TASK REQUIREMENTS: Review the material and extract every line in which the word "Vintage" occurs.

MATERIAL TO PROCESS:
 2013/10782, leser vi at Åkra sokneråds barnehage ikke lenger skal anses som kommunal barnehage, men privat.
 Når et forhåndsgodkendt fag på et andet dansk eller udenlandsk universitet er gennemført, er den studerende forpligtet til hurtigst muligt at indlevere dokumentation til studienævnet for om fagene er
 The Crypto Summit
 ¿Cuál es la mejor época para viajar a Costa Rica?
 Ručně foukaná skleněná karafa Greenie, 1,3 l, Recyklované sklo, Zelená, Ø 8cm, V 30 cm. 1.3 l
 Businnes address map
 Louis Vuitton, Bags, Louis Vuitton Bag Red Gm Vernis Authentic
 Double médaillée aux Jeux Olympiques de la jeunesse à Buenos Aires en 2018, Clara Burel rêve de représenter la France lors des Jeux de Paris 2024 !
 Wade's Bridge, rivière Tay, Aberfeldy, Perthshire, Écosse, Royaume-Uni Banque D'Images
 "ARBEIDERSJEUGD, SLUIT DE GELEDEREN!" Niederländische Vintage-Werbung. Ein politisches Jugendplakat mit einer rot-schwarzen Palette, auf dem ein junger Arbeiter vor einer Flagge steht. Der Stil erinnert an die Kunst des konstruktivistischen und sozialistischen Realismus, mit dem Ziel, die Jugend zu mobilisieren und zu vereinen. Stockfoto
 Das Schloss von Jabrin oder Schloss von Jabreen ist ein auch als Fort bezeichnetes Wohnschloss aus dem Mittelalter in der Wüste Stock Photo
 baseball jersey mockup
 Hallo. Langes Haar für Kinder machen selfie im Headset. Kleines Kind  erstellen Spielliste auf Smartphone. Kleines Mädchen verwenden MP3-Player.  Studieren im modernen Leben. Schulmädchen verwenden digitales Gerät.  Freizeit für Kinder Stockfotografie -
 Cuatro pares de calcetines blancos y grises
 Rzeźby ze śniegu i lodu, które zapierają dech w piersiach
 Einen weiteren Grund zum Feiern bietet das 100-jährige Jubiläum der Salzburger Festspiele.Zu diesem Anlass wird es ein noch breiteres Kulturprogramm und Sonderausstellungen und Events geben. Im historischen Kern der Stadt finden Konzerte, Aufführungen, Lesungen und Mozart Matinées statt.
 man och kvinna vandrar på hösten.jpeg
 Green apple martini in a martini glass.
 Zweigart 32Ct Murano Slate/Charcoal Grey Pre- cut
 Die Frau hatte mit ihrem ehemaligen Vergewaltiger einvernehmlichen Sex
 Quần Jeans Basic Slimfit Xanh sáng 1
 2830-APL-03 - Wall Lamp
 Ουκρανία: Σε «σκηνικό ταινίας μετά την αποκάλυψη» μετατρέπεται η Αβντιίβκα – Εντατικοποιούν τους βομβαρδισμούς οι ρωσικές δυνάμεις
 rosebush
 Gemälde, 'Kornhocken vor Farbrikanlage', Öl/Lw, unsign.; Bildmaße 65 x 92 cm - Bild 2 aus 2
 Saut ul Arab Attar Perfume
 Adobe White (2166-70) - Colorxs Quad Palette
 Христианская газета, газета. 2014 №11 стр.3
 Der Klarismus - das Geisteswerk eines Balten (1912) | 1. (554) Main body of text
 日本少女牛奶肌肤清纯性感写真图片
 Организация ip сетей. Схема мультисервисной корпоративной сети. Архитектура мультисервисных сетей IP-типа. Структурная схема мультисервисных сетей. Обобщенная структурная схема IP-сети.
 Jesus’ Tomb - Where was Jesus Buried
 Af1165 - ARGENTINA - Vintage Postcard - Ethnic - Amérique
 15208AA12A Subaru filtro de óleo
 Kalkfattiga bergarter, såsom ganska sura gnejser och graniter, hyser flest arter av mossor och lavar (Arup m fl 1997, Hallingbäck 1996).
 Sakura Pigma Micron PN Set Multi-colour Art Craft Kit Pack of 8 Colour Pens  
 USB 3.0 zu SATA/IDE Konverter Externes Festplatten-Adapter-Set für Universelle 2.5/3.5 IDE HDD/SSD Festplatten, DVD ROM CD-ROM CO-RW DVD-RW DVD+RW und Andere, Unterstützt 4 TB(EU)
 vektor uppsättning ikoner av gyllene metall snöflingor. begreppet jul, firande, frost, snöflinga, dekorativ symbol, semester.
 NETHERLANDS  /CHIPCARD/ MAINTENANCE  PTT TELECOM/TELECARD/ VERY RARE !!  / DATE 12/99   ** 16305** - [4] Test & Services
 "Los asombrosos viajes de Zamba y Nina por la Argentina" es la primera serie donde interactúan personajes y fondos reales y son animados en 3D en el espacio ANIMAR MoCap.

ANSWER TO THE PROBLEM:
 "ARBEIDERSJEUGD, SLUIT DE GELEDEREN!" Niederländische Vintage-Werbung. Ein politisches Jugendplakat mit einer rot-schwarzen Palette, auf dem ein junger Arbeiter vor einer Flagge steht. Der Stil erinnert an die Kunst des konstruktivistischen und sozialistischen Realismus, mit dem Ziel, die Jugend zu mobilisieren und zu vereinen. Stockfoto
 Af1165 - ARGENTINA - Vintage Postcard - Ethnic - Amérique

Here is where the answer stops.